On GitHub, click on README.md, then click on the pencil to edit the file. Make a few changes, then scroll to the bottom of the page, add a short message, and click "Commit changes."

Locally, we will need to `fetch` these changes and `merge` them with our local files. To do both of these steps at once, run the `pull` command:

```bash
git pull origin master
```

Use a Terminal command to confirm that your local file has changed.

#### Clone a Repository

Use the Terminal to navigate back to your Desktop and **delete your `hello-world` repository**:

```bash
cd ..
rm -r hello-world
```

Now go to *my* hello world repository on GitHub (https://www.github.com/gsganden/hello-world), click on Clone or Download, and use the URL there to *clone* the repository.

```bash
$ git clone <URL>
```

Git should reply:

```bash
Cloning into 'hello-world'...
remote: Counting objects: 3, done.
remote: Total 3 (delta 0), reused 3 (delta 0), pack-reused 0
Receiving objects: 100% (3/3), done.
Checking connectivity... done.
```

Run `git log` to confirm that you have retrieved not only the files in my working directory, but also my Git history.
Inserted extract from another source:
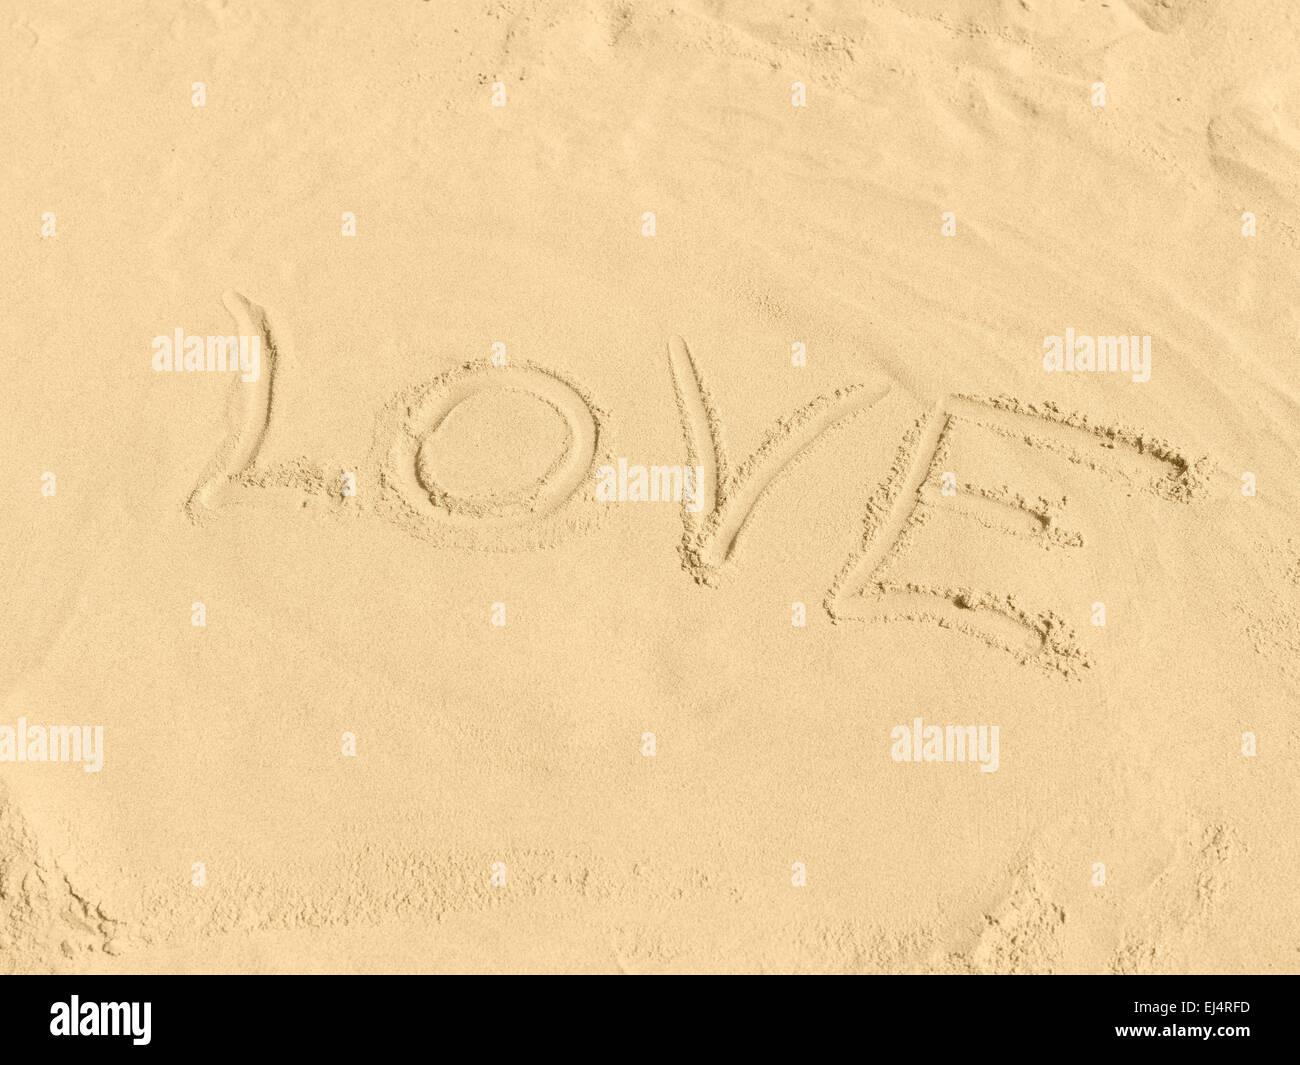 LOVE am Strand in Sand gemalt - Stock Image

By contrast, when you *download* a repository you get only its current state.

## How we will use Git and GitHub in this class.

I try to keep your interactions with Git and GitHub simple because I would rather focus on Python and machine learning in this course.

You may download the course materials from GHE rather than cloning them. You should not have to do any additional git commands on them.

You will need to put your project materials on GitHub, which requires initializing a local Git repository, creating commits, creating a remote GitHub repository, and pushing your commits to that remote repository. I would encourage you to work on using Git as you go along to make snapshots every time you do a significant amount of work, rather than leaving all of the Git commands until the end.

## Lesson Review

- The **working directory** stores the current state of the files in your repository on your hard drive.
- A **git commit** is a record of selected changes in your working directory that have occurred since the previous commit.
- When you are ready to capture some set of changes, you first add them to the **staging area** and then **commit them**.
- You can also **clone** repositories on GitHub and **push** to and **pull** from them.